(Beginning of DATASET EXTRACT)

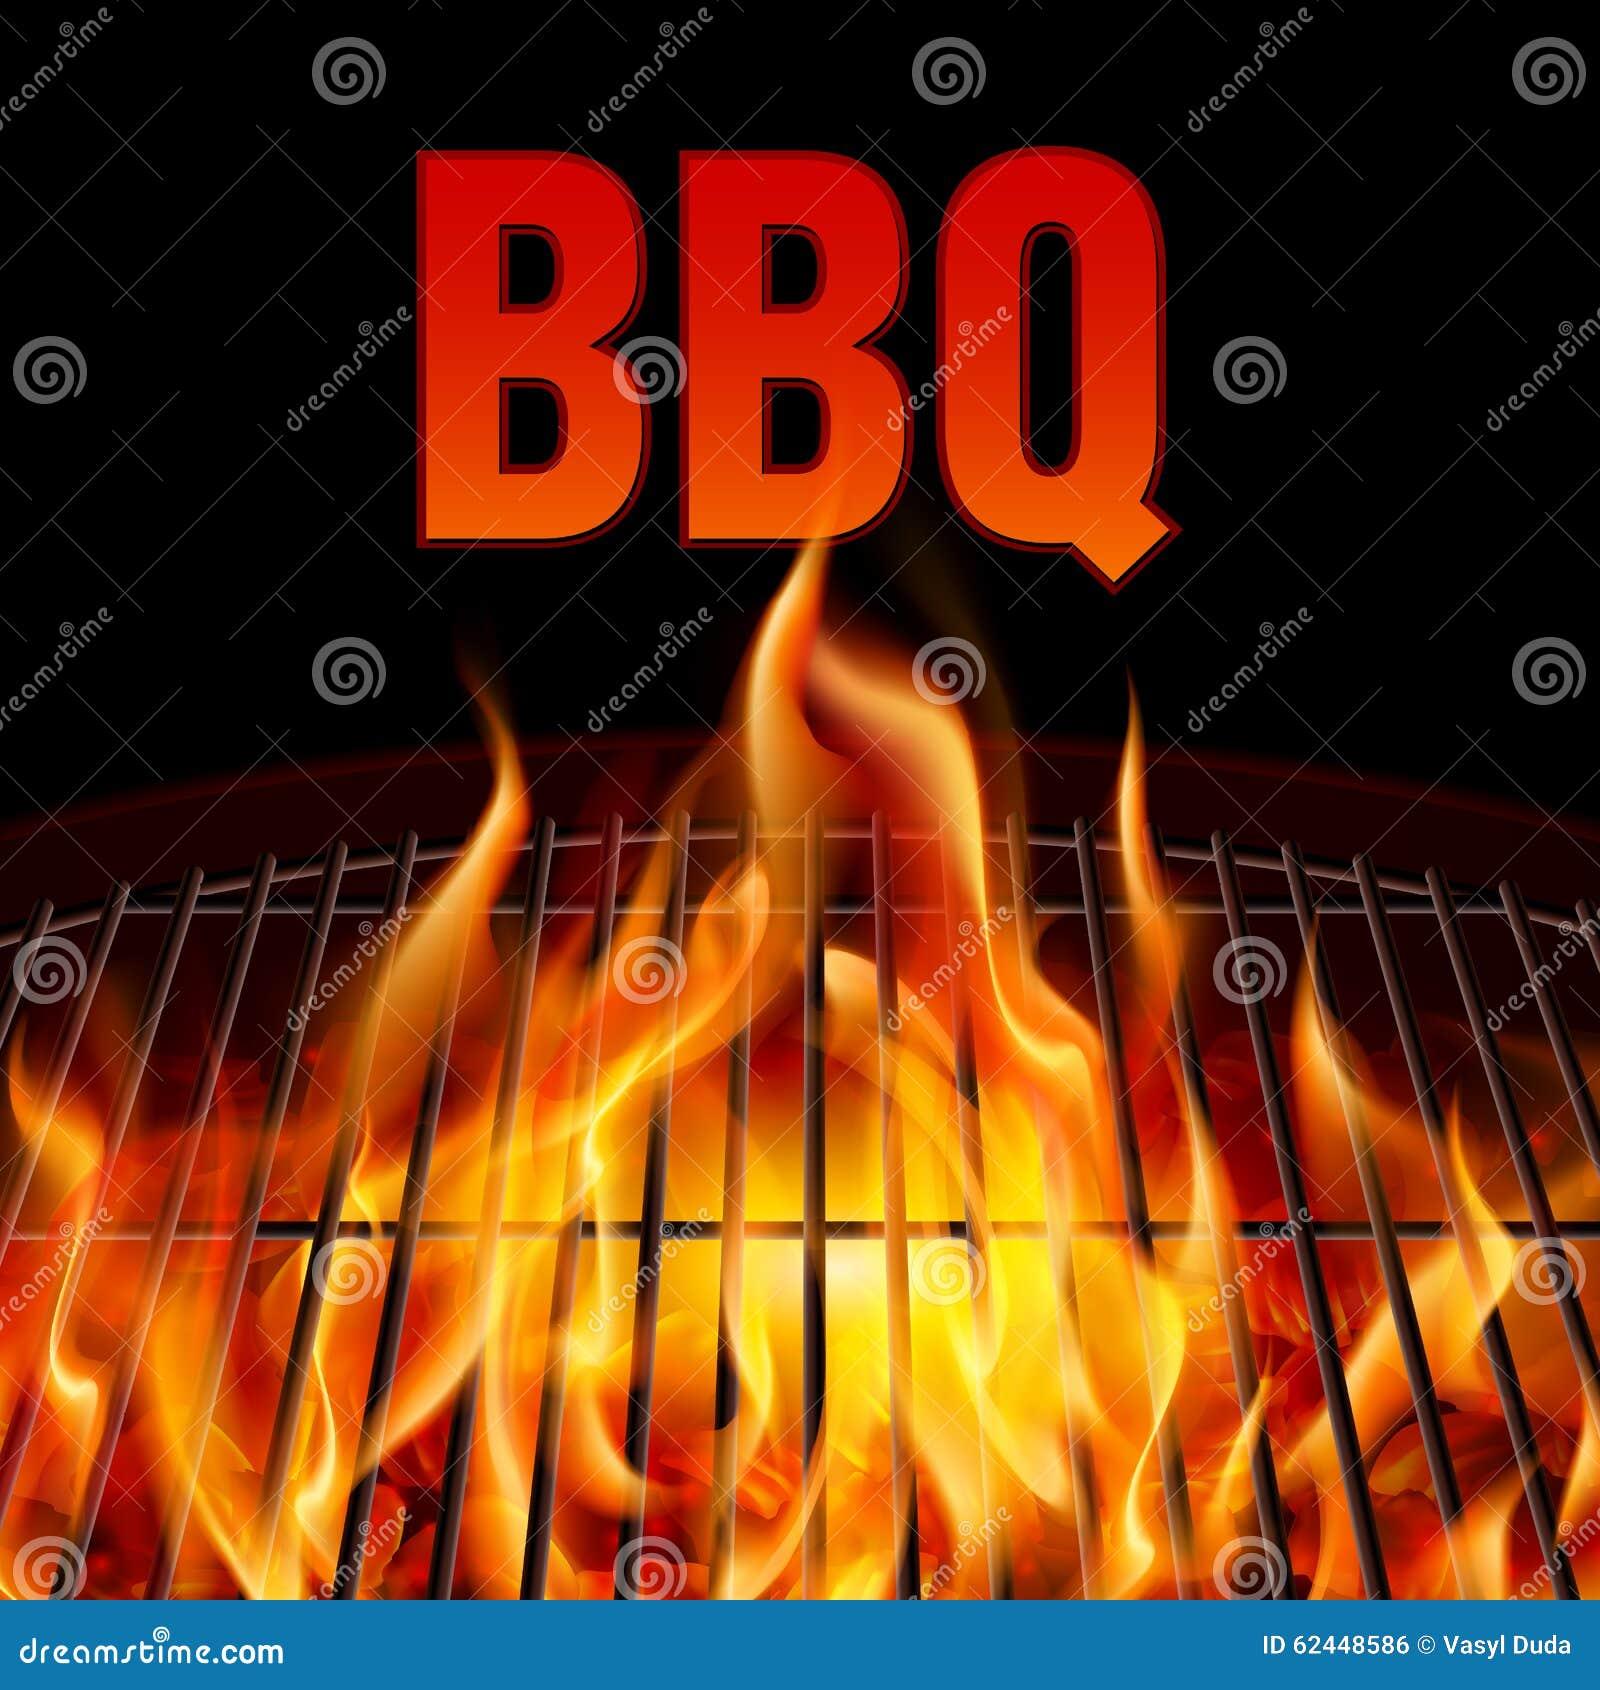 BBQ grillbrand
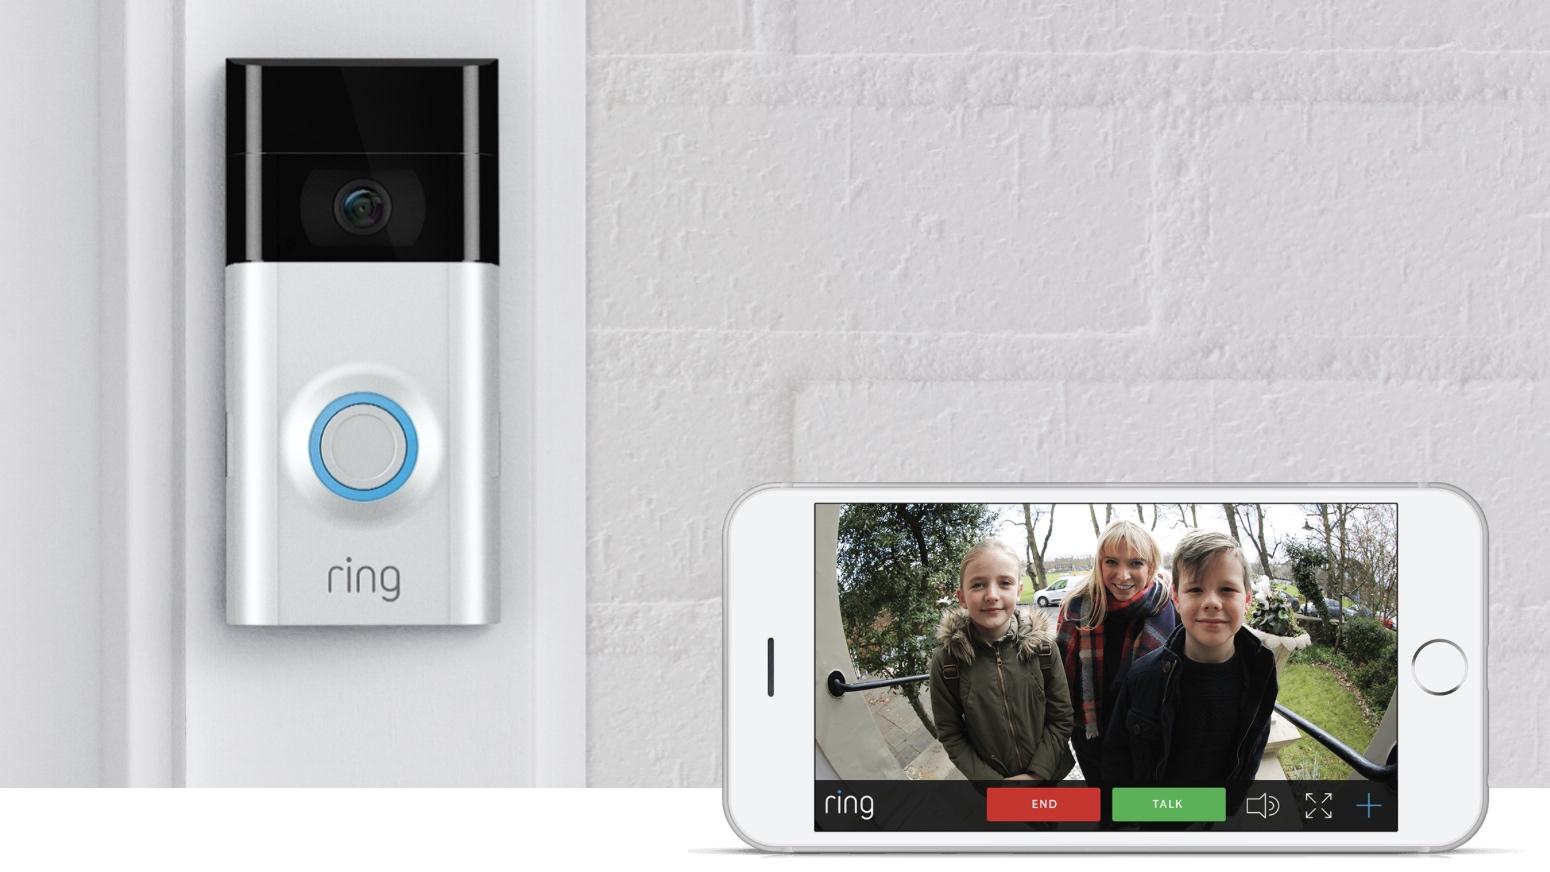 ring_doorbell.jpg
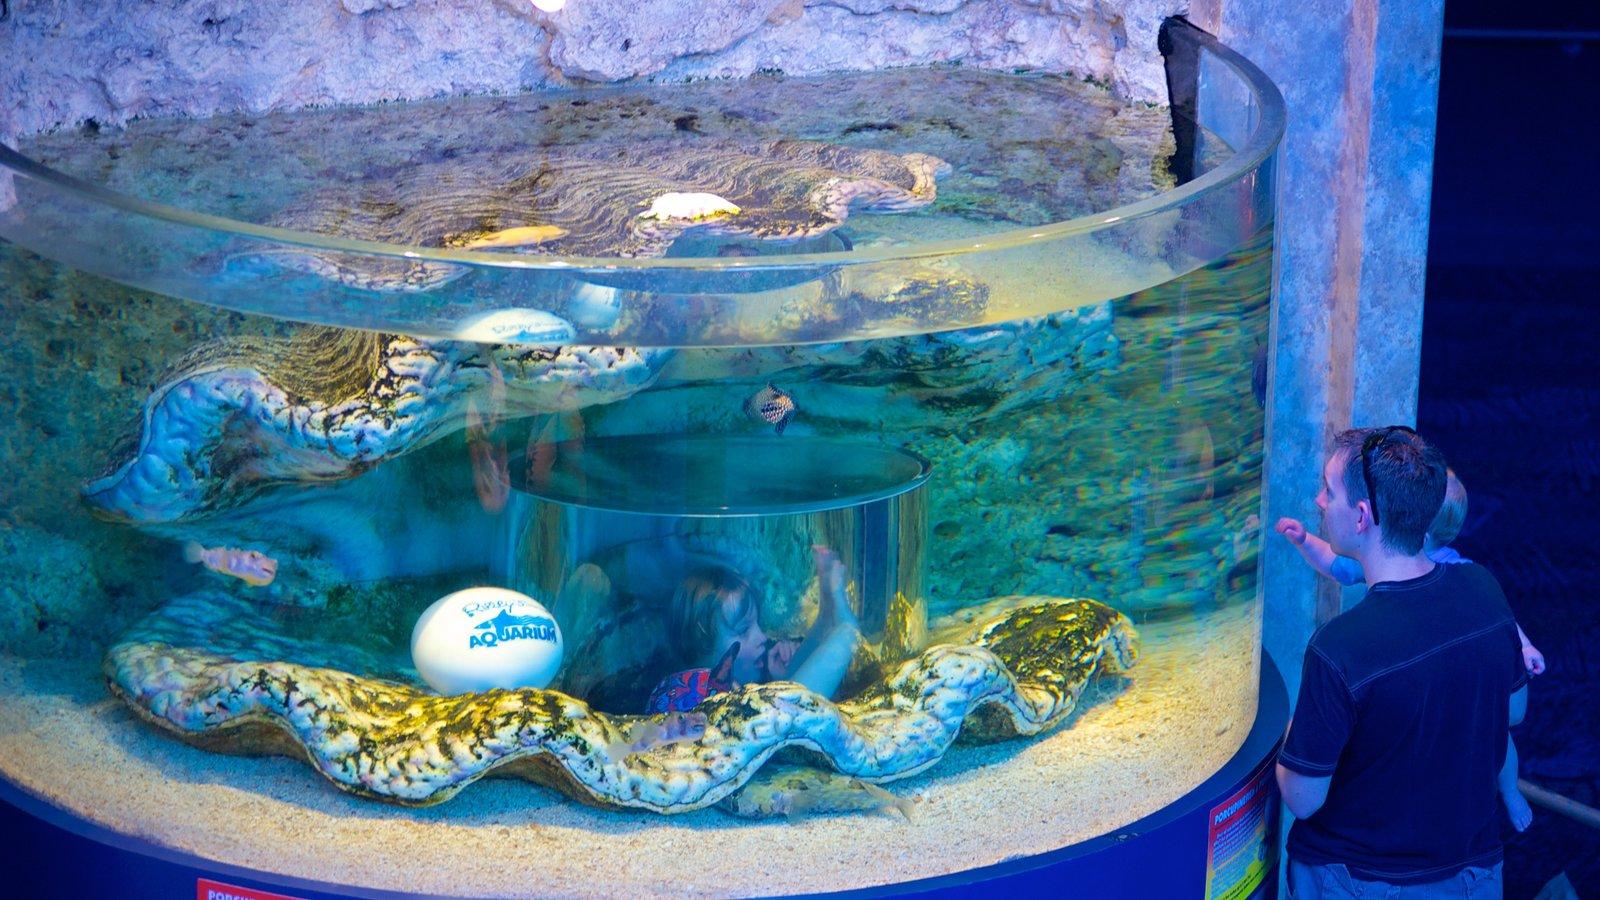 Ripley\'s Aquarium mostrando vida marinha e vistas internas

(End of DATASET EXTRACT)

Print the material above exactly, skipping its images.

COMPLETED EXERCISE:
 BBQ grillbrand
 ring_doorbell.jpg
 Ripley\'s Aquarium mostrando vida marinha e vistas internas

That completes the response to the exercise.